Possible implications aside, the main limitations of this study should be noted. First, findings may not be generalized to adolescents in clinical settings, as previous studies have suggested differences in network connectivity may exist in different populations or samples [87]. Furthermore, although some parallels were observed between the network characteristics of the current sample and of adolescents in other countries, generalizations across cultures and contexts (e.g., to a post-COVID-19 world) are tentative at best. Second, due to the cross-sectional research design, dynamic changes and causality between individual symptoms could not be explored. The “snapshot” of the depressive-anxiety symptom network of adolescents provided in this research provides a foundation for more costly, time-consuming longitudinal extensions in future. Third, because symptom assessments were based on self-reports, biases in recall and/or social desirability cannot be ruled out as influences on the results. Fourth, data collected by snowball sampling were used to construct a network model, which could limit the sample representativeness. Fifth, for logistical reasons, data prior to and in the early stage of the COVID-19 pandemic were not collected; therefore, comparisons of symptom patterns in adolescents between different stages of the pandemic could not be conducted.

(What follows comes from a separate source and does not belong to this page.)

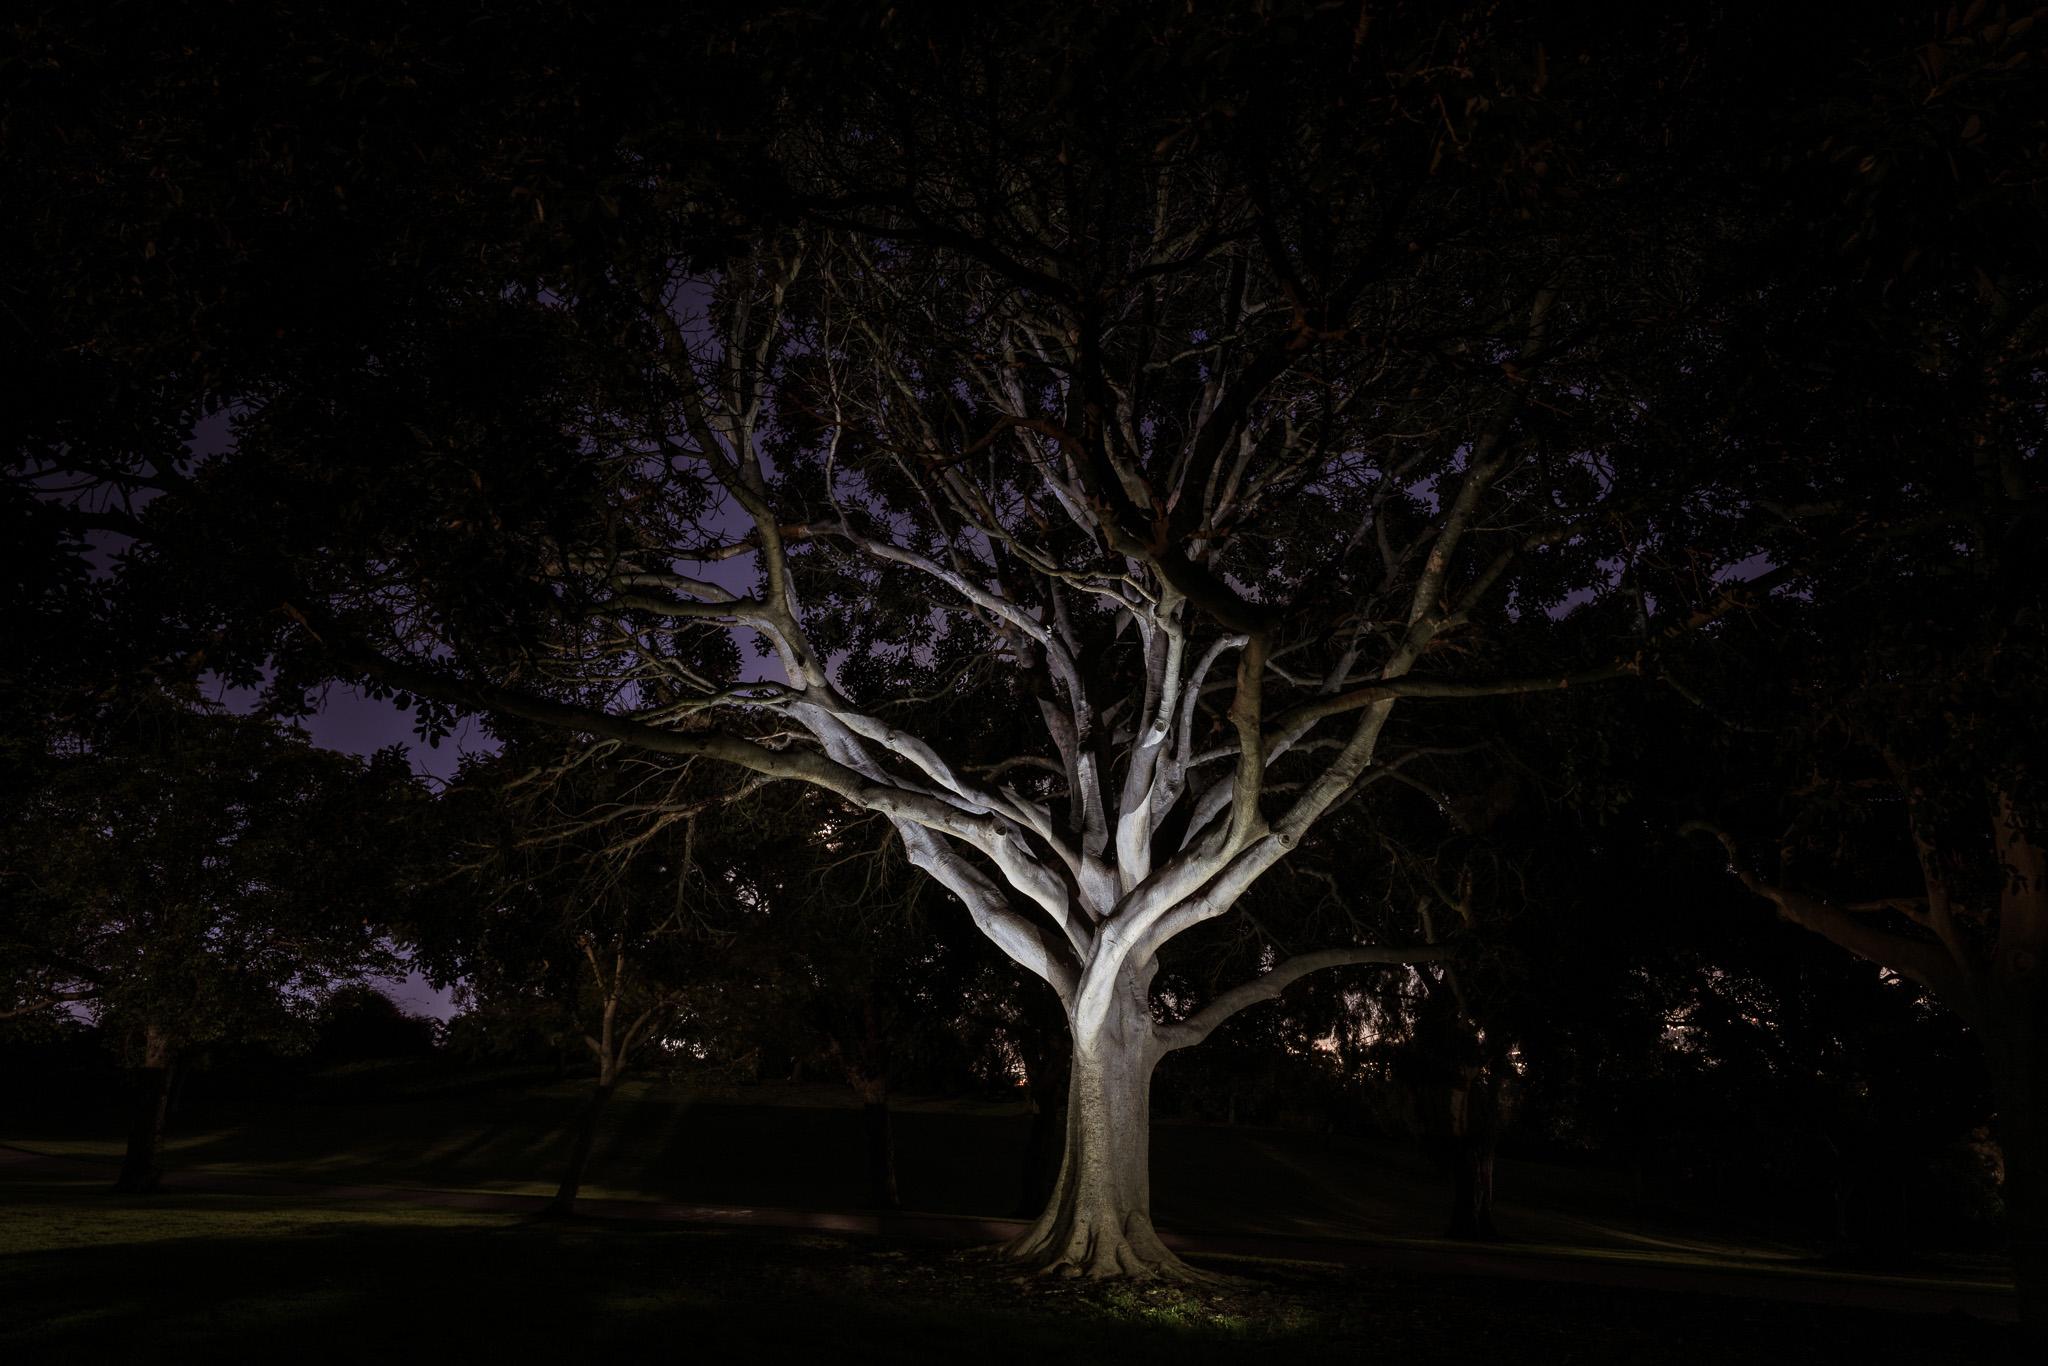 Tree, Kate Sessions Park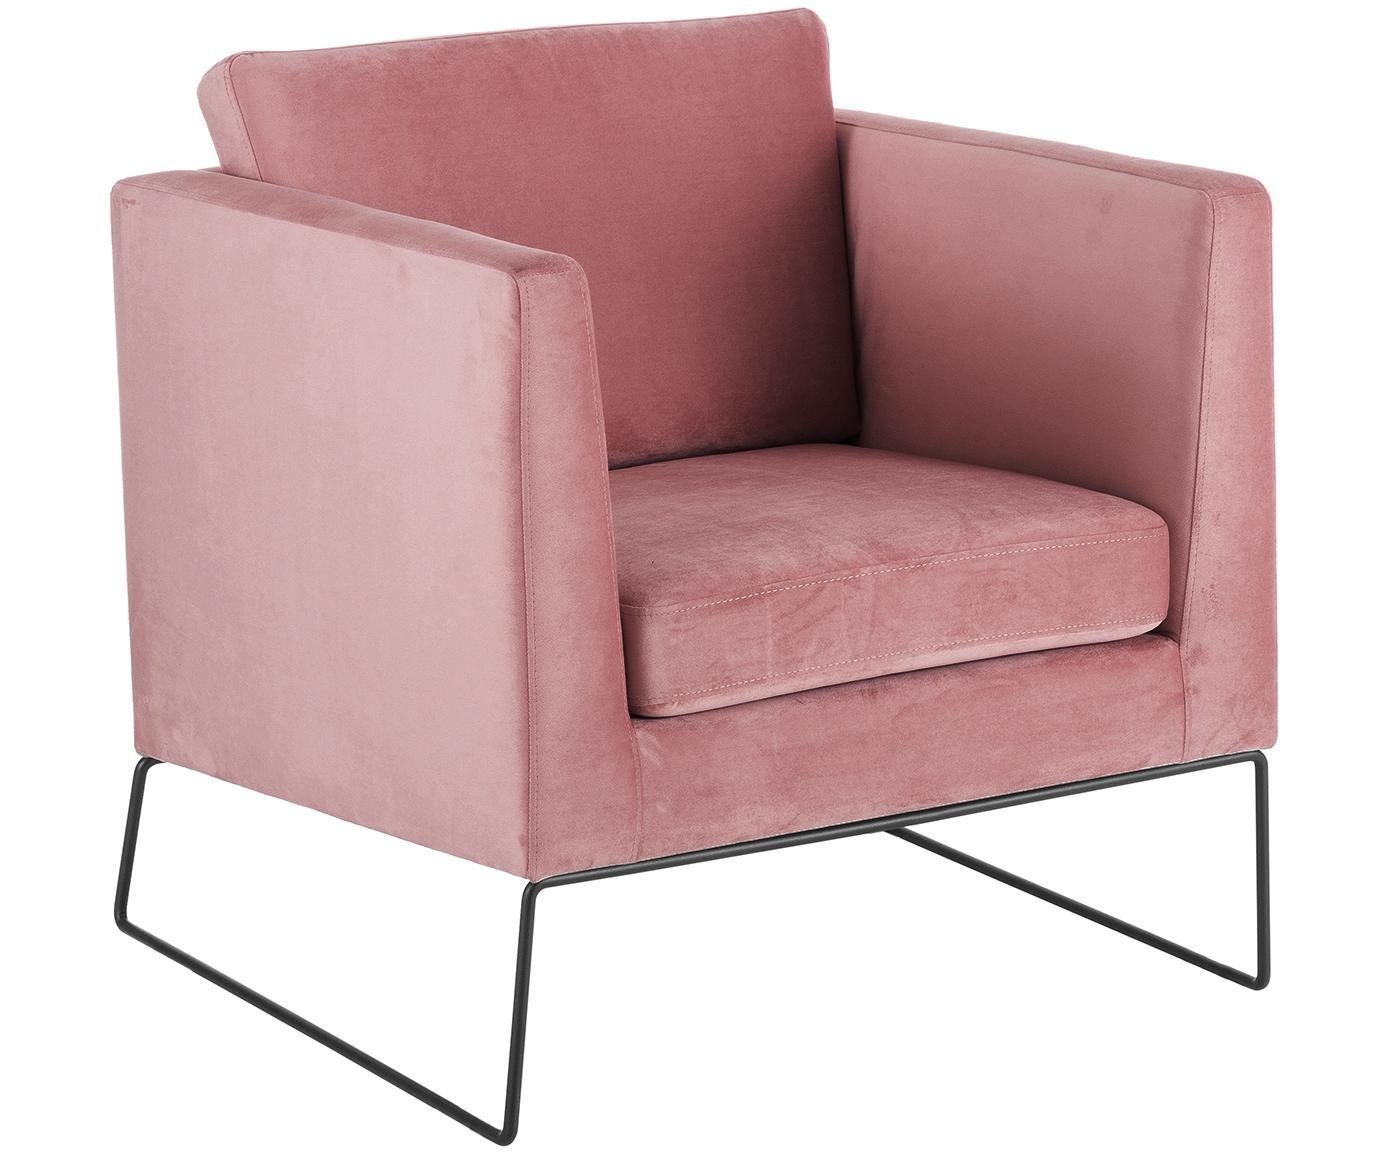 Klassischer Samt-Sessel Milo in Rosa, Bezug: Samt (hochwertiger Polyes, Gestell: Kiefernholz, Beine: Metall, lackiert, Samt Rosa, 77 x 75 cm

In conclusion, this study is the first to identify central symptoms (e.g., Sad mood, Irritability, Worry too much, Guilty) and key bridge symptoms (e.g., Guilty, Sad mood, Suicide ideation) within the depression-anxiety network of Chinese adolescents. Findings may provide an impetus for future studies examining symptom networks in other groups of adolescents as a means of clarifying key symptoms that extend across adolescents from different cultures and those that are unique to particular groups. In addition, central symptoms and bridge symptoms identified in this study may be useful targets for interventions designed to prevent these disturbances among at-risk Chinese adolescents and treat those who are currently suffering from co-occurring depressive and anxiety symptoms.